Cyber-attacks can do more damage than simply causing the loss of companies’ IP, trade secrets, and sensitive customer information or service outages. They can also lead to human fatalities. In those cases, leaders won’t be able to plead ignorance or hide behind insurance policies. 

Gartner, the analyst firm, predicted that as many as 75 percent of business leaders could be held liable by 2024 due to increased regulations around so-called “Cyber-physical systems” (CPSs) such as IoT and operational technology (OT). 

Gartner defines CPSs as “engineered to orchestrate sensing, computation, control, networking and analytics to interact with the physical world, including humans.” For instance, a medical device could be hijacked to prevent life-saving medicine from being dispensed, or a connected car could be remotely directed to crash. 

Gartner asserted that the financial impact of such attacks on CPSs resulting in fatalities could reach as much as $50 billion by 2023. 

“Regulators and governments will react promptly to an increase in serious incidents resulting from failure to secure CPSs, drastically increasing rules and regulations governing them,” said Katell Thielemann, research vice president at Gartner.
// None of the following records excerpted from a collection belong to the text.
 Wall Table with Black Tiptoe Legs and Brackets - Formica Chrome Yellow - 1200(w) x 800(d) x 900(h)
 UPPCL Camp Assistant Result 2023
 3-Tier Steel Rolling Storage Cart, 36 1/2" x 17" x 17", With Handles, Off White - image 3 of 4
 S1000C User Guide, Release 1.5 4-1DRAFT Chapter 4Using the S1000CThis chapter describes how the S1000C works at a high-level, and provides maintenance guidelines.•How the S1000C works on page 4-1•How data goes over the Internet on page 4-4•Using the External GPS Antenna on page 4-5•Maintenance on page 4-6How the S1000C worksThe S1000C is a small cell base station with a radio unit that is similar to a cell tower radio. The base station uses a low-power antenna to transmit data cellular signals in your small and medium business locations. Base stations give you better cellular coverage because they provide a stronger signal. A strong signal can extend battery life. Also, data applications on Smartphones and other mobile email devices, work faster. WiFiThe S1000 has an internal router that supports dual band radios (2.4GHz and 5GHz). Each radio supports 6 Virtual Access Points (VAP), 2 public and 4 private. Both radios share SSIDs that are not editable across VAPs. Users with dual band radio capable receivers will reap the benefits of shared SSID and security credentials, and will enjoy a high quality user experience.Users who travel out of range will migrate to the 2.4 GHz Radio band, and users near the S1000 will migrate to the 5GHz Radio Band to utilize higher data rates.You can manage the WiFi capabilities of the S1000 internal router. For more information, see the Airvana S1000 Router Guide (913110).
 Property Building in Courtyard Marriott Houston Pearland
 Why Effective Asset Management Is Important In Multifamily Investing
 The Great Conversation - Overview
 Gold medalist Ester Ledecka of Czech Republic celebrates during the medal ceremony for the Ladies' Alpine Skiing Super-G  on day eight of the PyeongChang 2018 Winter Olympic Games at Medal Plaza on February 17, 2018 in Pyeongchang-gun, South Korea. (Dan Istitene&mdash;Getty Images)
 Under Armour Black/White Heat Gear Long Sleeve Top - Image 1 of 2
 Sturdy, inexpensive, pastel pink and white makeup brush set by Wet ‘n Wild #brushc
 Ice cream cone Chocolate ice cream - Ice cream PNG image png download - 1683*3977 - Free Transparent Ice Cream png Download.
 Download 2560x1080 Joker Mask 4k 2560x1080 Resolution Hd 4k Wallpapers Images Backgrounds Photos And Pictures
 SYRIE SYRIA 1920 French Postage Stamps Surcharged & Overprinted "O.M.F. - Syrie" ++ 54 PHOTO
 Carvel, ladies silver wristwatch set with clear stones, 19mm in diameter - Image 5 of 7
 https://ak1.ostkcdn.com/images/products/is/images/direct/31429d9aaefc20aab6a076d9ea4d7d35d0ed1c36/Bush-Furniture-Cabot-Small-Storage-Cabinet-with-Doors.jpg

“In the US, the FBI, NSA, and Cybersecurity and Infrastructure Security Agency (CISA) have already increased the frequency and details provided around threats to critical infrastructure-related systems, most of which are owned by private industry. Soon, CEOs won’t be able to plead ignorance or retreat behind insurance policies.”

As such, leaders must become aware of the scale of CPS investment in their organizations, understand the risks CPSs represent and allocate budget appropriately in order to secure these systems.